Gilles Routhier : Cinquante ans après Vatican II. Que reste-t-il à mettre en œuvre ?
Prêtre, théologien de l’Université Laval (Québec), intervenant aisément en France (ICP), l’auteur appartient à une génération postconciliaire, plus apaisée et ouverte que la précédente. Il entend notamment ne pas « se fixer avec trop de raideur sur l’enseignement conciliaire » (p. 76), trop conscient du fait que les conditions ont changé fortement, surtout, et il y est très attentif, du côté de ses étudiants, qui ne comprennent plus le sectarisme idéologique du passé. La question du changement de génération le « taraude », dit-il, depuis quelques années, impliquant indifférence et manque de connaissance de ce qui s’est passé il y a cinquante ans. Seules deux minorités, inégales, s’y intéressent encore : les « libéraux », en petit nombre, les « intransigeants », plus nombreux, la masse étant ailleurs, en partie du côté de ceux qui ont maintenu ou retrouvé les pratiques traditionnelles. Et Vatican II dans tout cela ? Les chapitres sur la « pastoralité » et la « recherche du consensus » sous la conduite de Paul VI suggèrent la nature composite et circonstancielle de l’événement, appelé à terme à passer.

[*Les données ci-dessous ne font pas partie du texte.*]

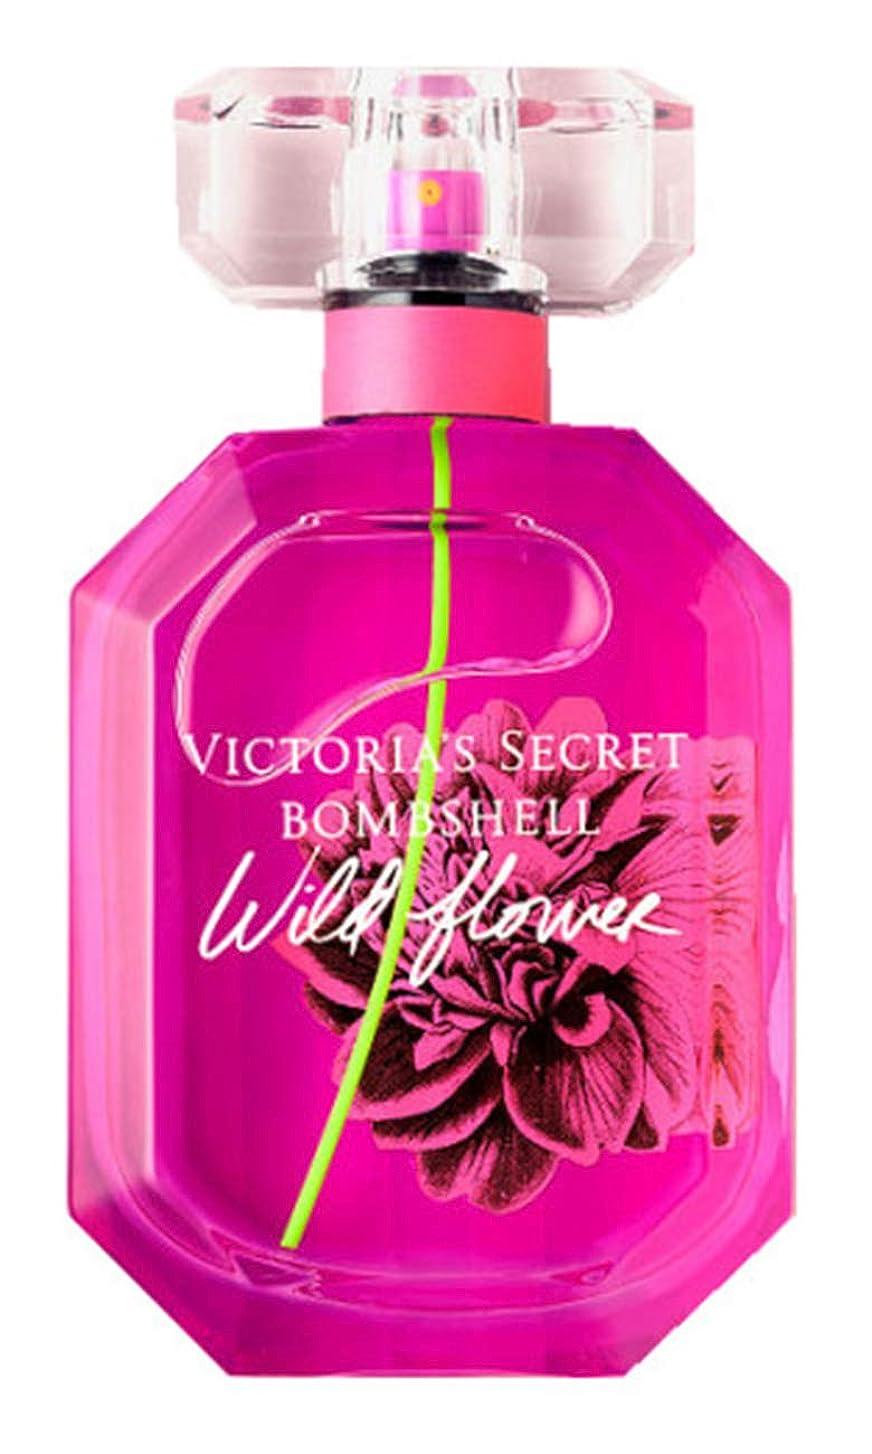 拒絶する確認してくださいクレデンシャルビクトリアシークレット VICTORIA'S SECRET ボムシェル ワイルドフラワー オーデパフューム 香水 コスメ 1.7fl oz(50ml)

G. Routhier s’intéresse d’autre part à la question de l’interprétation, qu’il rattache, avec originalité et conviction, aux différentes phases de l’opposition de Mgr Lefebvre et à ses conséquences. Il insiste sur ce point se référant à Pierre Bourdieu : « […] il y a toujours, dans un champ donné, une lutte entre plusieurs acteurs appartenant à différents champs, acteurs qui collaborent entre eux bien qu’également en concurrence » (p. 187). On comprend donc l’intérêt que porte G. Routhier à des arguments ou des épisodes historiques que la plupart délaissent avec un mépris non dissimulé, entre autres l’activité du Coetus internationalis Patrum constitué par plusieurs évêques, dont Mgr Lefebvre, pendant le concile (l’un de ses étudiants prépare d’ailleurs une thèse sur le sujet). L’opposition a finalement donné le la de l’interprétation. Le souci de l’auteur, qui traverse implicitement le livre, est clarifié à la fin. Il est de rappeler que les acteurs moteurs du Concile ont eu le désir de trouver un moyen de désenclaver l’Eglise affrontée à un monde lui devenant étranger. Avec réalisme il prend acte du fait que le moment conciliaire est dépassé, et il cherche à en conserver « le souci de s’adresser aux autres », craignant que la « nouvelle évangélisation » ne provoque un retour à l’esprit de « forteresse ». On retiendra surtout l’un des mots d’ordre qui conclut ce livre : « Revenir […] à la position des problèmes par-delà les conclusions » des textes conciliaires. On ne peut que souscrire à cette invitation à réévaluer, dans un véritable débat ouvert, la légitimité épistémologique de cette approche aux résultats en voie de péremption.